== PROVIDED DATA

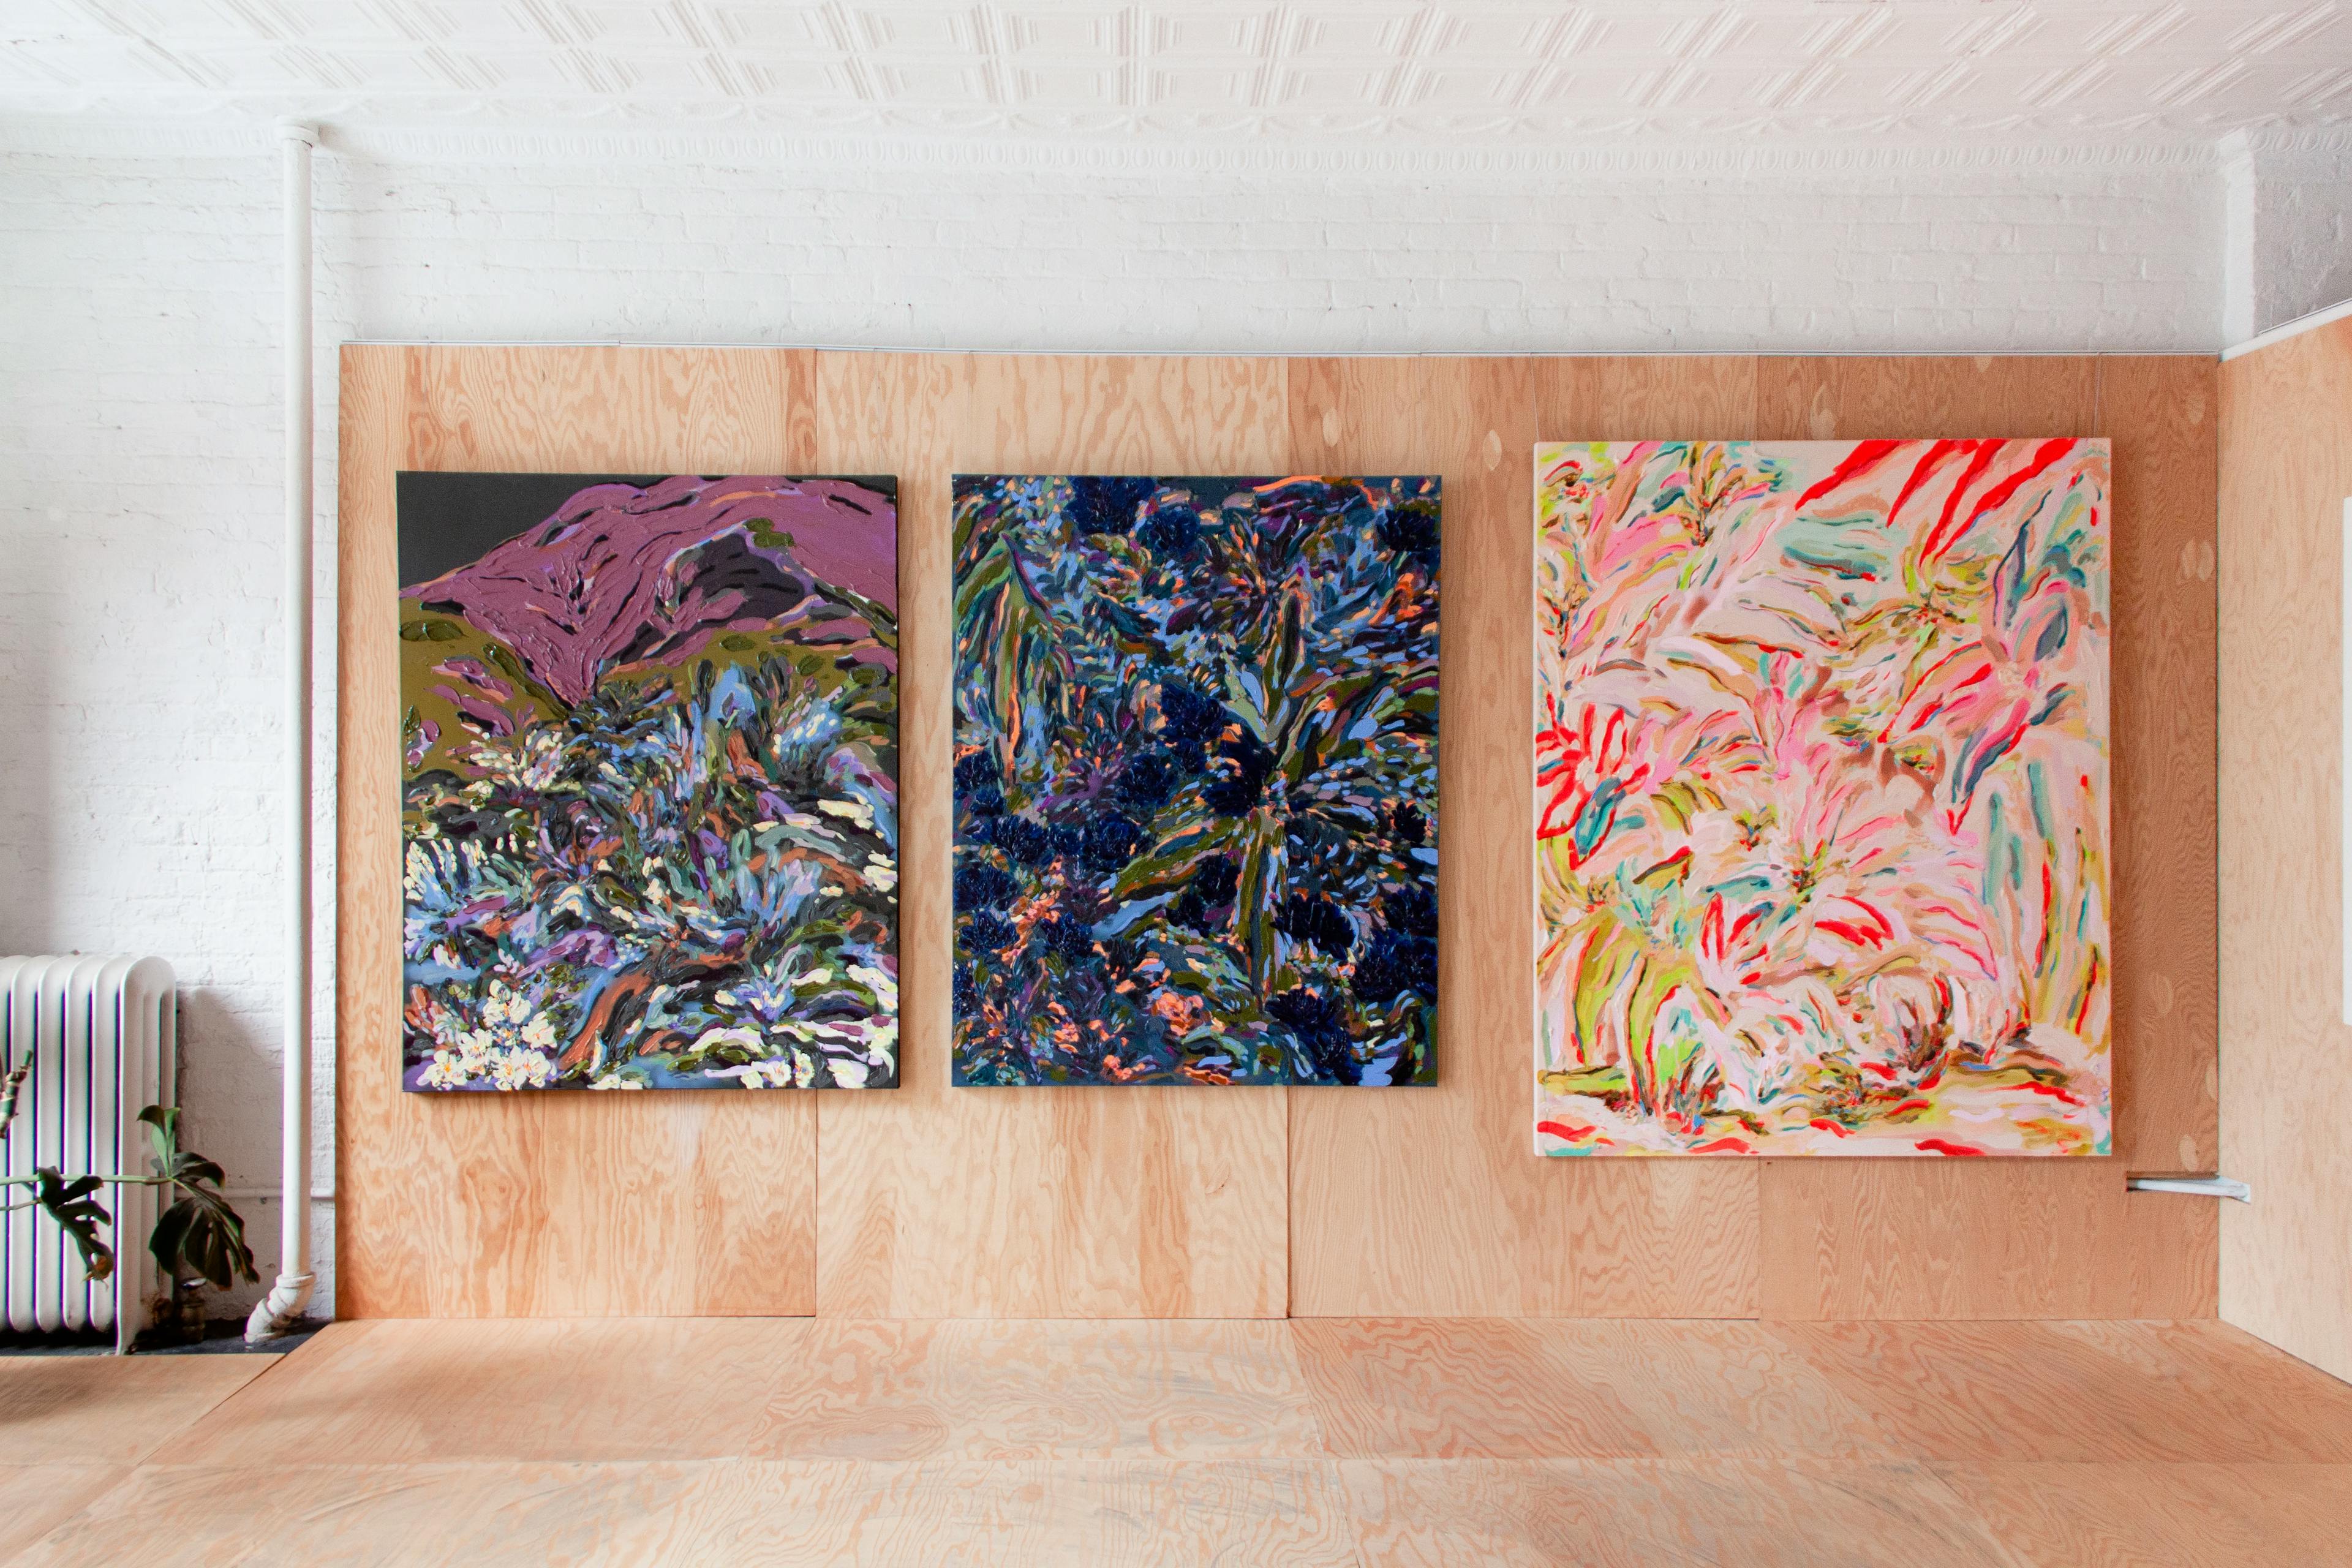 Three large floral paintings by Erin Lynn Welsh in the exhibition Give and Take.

====
== PROVIDED DATA

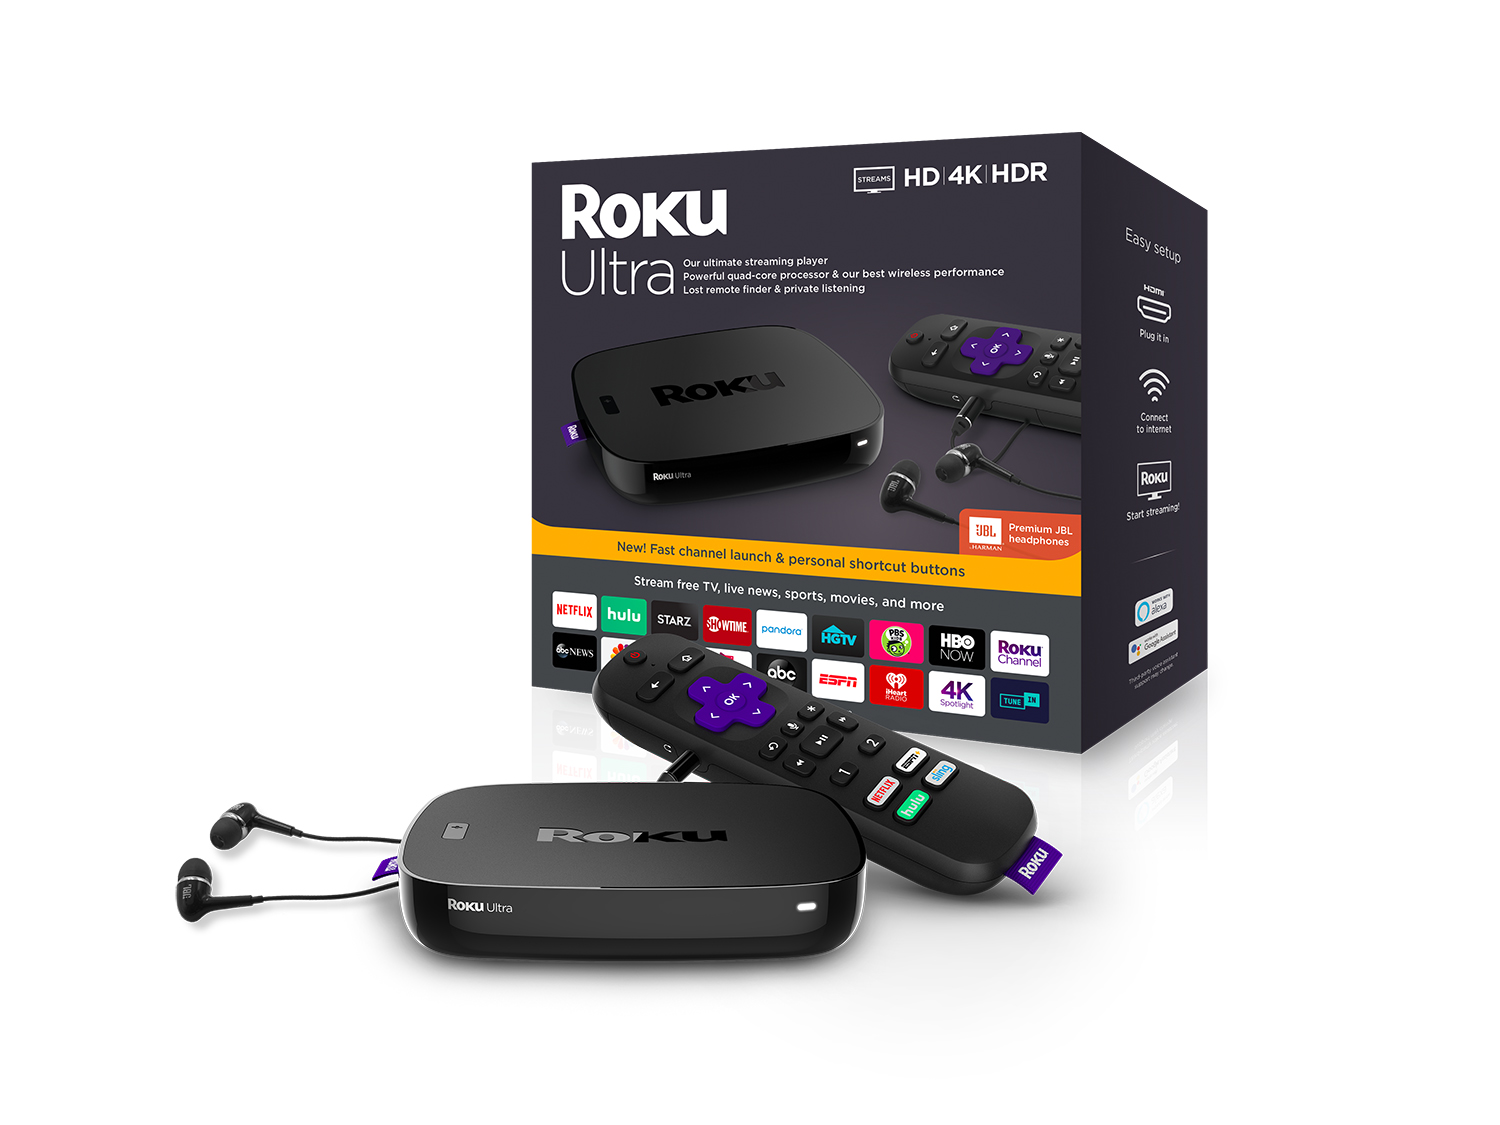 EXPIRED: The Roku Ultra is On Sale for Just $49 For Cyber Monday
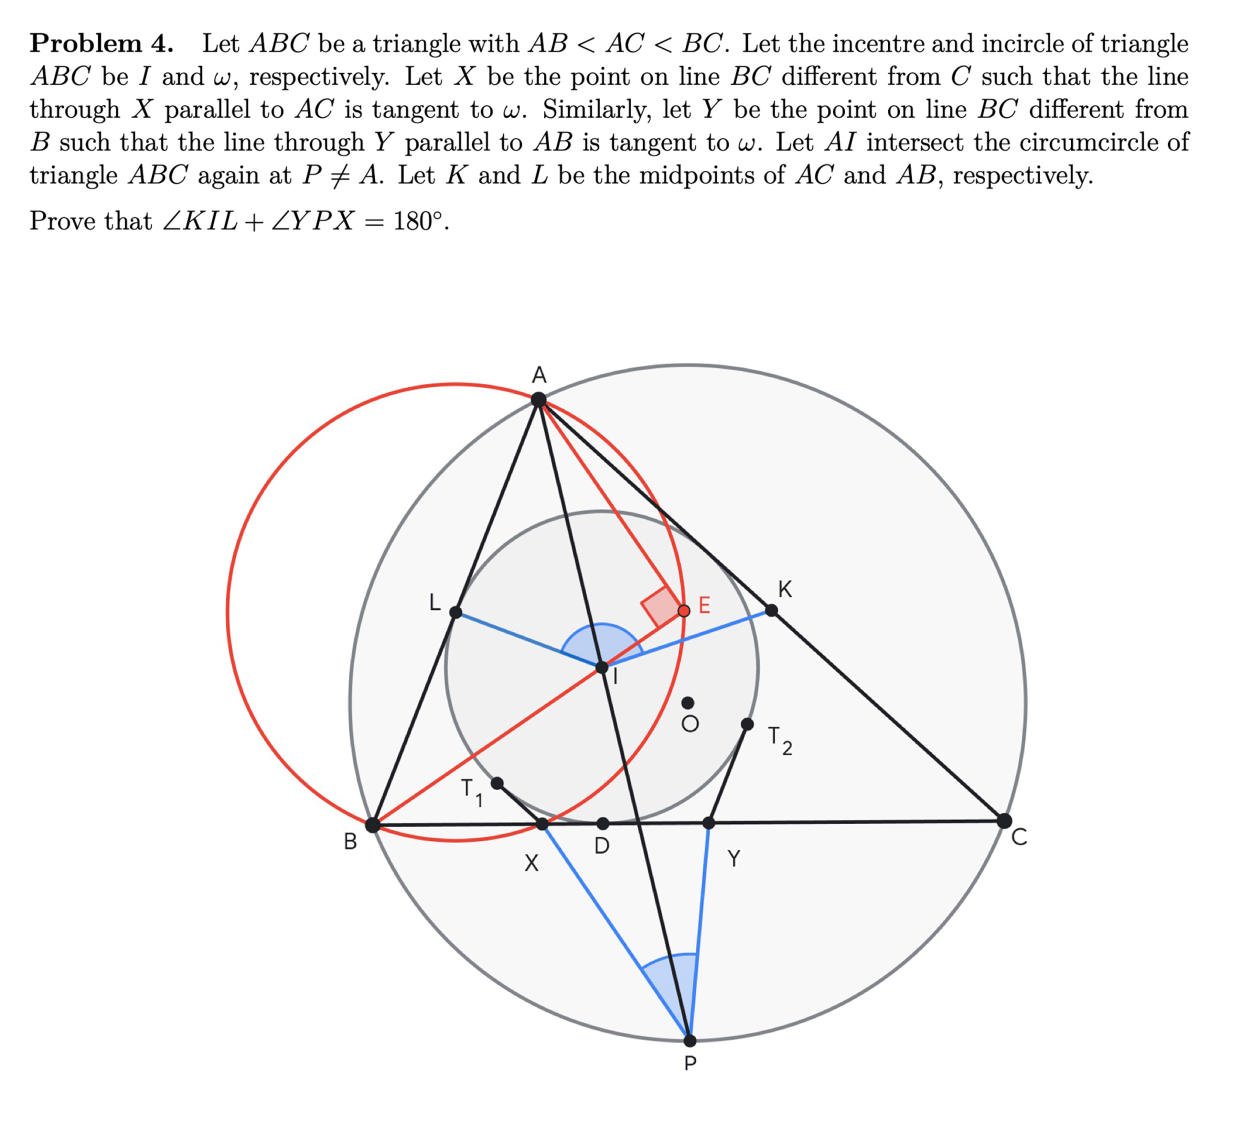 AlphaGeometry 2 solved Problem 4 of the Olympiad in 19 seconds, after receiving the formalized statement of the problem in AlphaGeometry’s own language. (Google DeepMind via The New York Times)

====

**TASK INSTRUCTIONS**
Leaving every picture aside, reproduce exactly the lines above from the one with "EXPIRED: The Roku" up to and including the one with "AlphaGeometry 2 solved", and no others.

**ANSWER TO THE EXERCISE**
 EXPIRED: The Roku Ultra is On Sale for Just $49 For Cyber Monday
 AlphaGeometry 2 solved Problem 4 of the Olympiad in 19 seconds, after receiving the formalized statement of the problem in AlphaGeometry’s own language. (Google DeepMind via The New York Times)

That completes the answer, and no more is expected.